Ok, this is going to be f'ng long, but just know I'm genuinely wanting to help/share in my own way.
I think that at times (not always) it comes down to understanding what is making the brain want this feeling. I like to think of trying to place myself in two planes. One part of me that wants to act out. This part is either reacting to a trigger or learned behavior (stress, smell, thought, whatever), mostly driven by emotion, or it simply WANTS that thing because it has been trained to get when it wants without a whole lot of consequence. The other plane is logical and wants to break down what is happening to the dude (me) that is reaaally fantasizing away on the ritual of doing
the thing.
I would like to add that I am on only day 3 of rebooting. My longest reboot is 9 days (just last week
) and I have 25 years of sometimes regret, shame, and frustration due to PMO. I do remind myself that I have done good things within that time span, but because of the emotional plane I defined at top I tend to end up thinking about the bad and act out. One last thing, I was diagnosed with ADHD about 13 years ago. I only see this as a circumstance and actually helpful. This is not a pass why I do what I do. I have a responsibility to be good to myself.
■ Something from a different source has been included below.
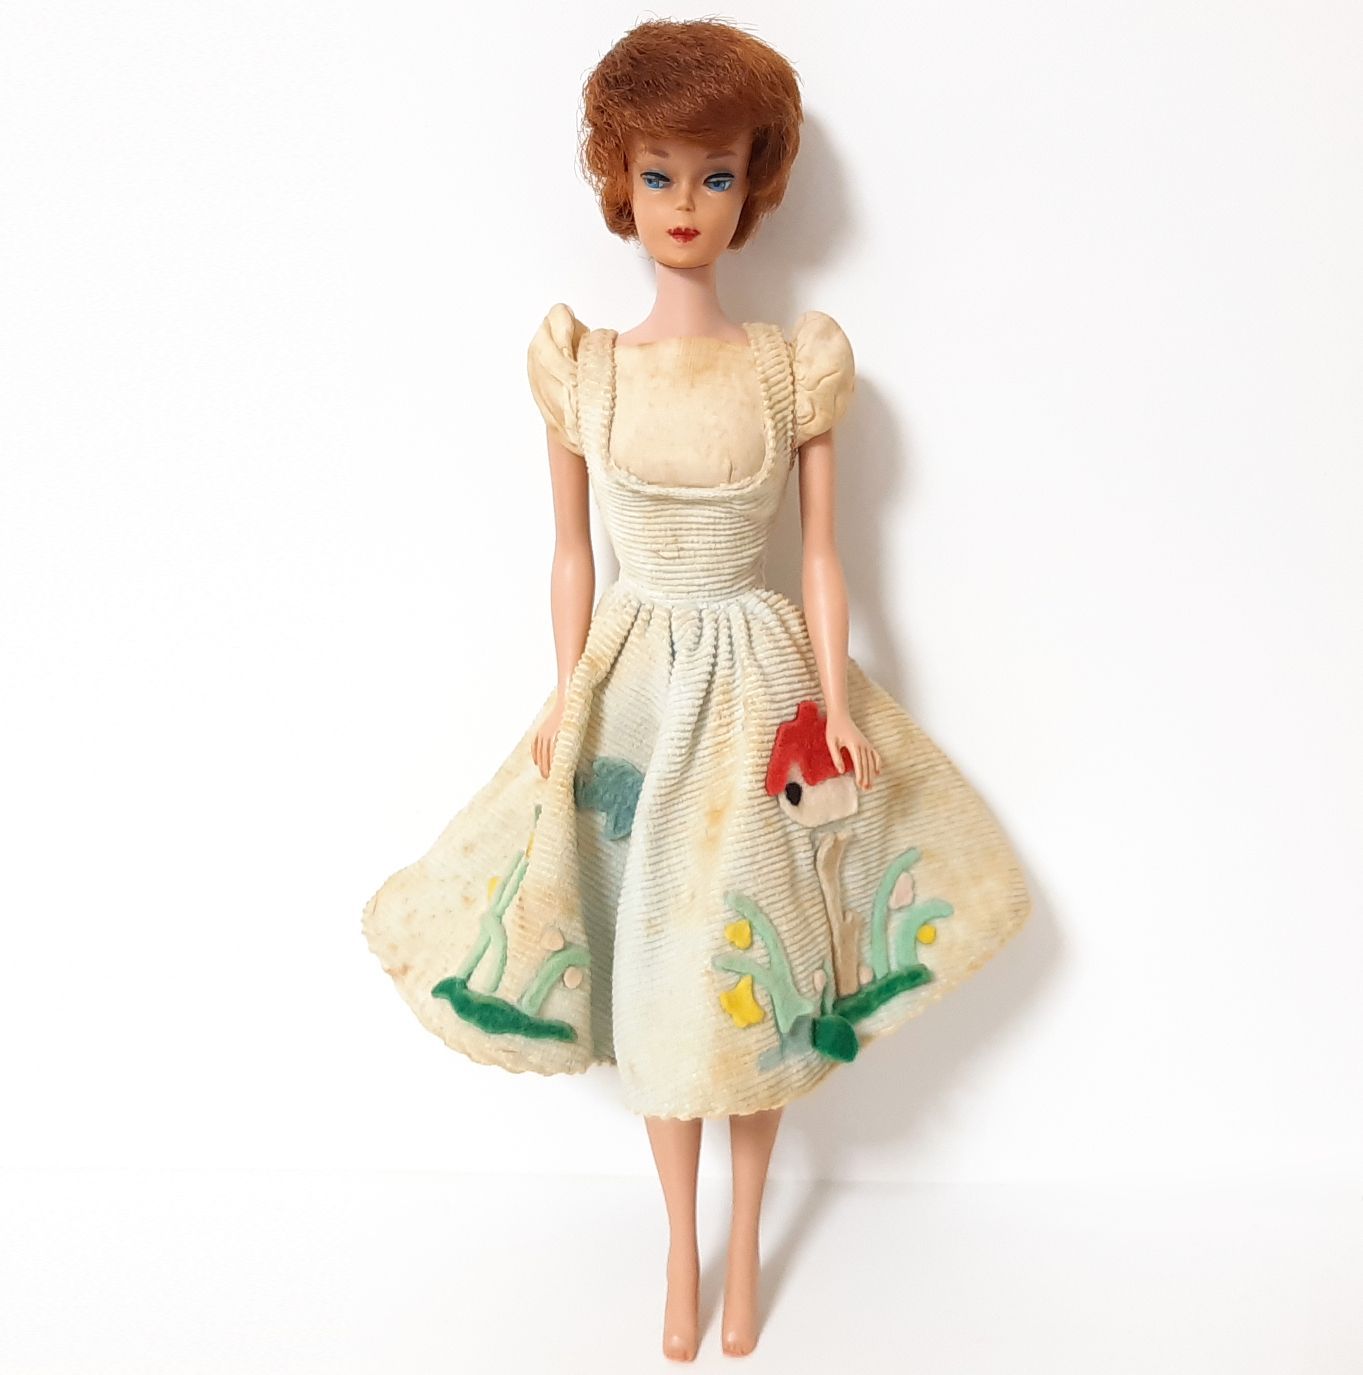 バービー人形 ヴィンテージ 1960年代 マテル社製 - 人形

Prior to my first reboot I cannot tell you when I had not PMO'ed for those 25 years.
I believe that for me PMO ends up being the final result of an underlying response to a set of conditions I grouped together a long time ago. I only have 3 main definitions, but I think there might be a couple more or nuances within the first three:
1. Generally bored and looking for something to put my mind to -
I define this as seeking NOVELTY. I'm really just bored with projects, work, everyday life, routine. I'm looking to spend some time somewhere other than my everyday life. By the way, Dopamine Nation does a good job on helping shed a little light on seeking novelty. Overall everyday is a little dull, let's get some spiciness up in here!
2. I cannot focus on one important thing -
When I'm not able to find focus I tend to then want to look at EVERYTHING I'm working on or I'm supposed to do within a day. I make everything a priority, everything is important and it almost feel like sensory overload. I end up giving up. I might make some progress, but I have to really manage myself. It is exhausting!
3. Feeling anxious because I have not made progress on things -
You can see where things go from here. This one tends to hit at my core because it makes me feel like no matter what I tell myself I always know I'm my worst enemy. It really hurts me and my confidence because it makes me feel is not even the universe that is against me, IT'S ME
I'd like to think that if I define these things and work on naming them, think about possible solutions, and set some non-negotiables I might have a shot at allowing myself more time. Find the space between the rush of wanting something and putting space between me and it. Of allowing yourself to move on without judgement and find peace in that process.
At the end of the day, for me, it is a matter of finding peace within my own mind. I've spent a lot of hours trying to figure myself out, Sometimes that's the problem, but I know I can nerd myself out and can do it. I know you can do it.
I hope this helps you. Thank you for allowing me to share with you.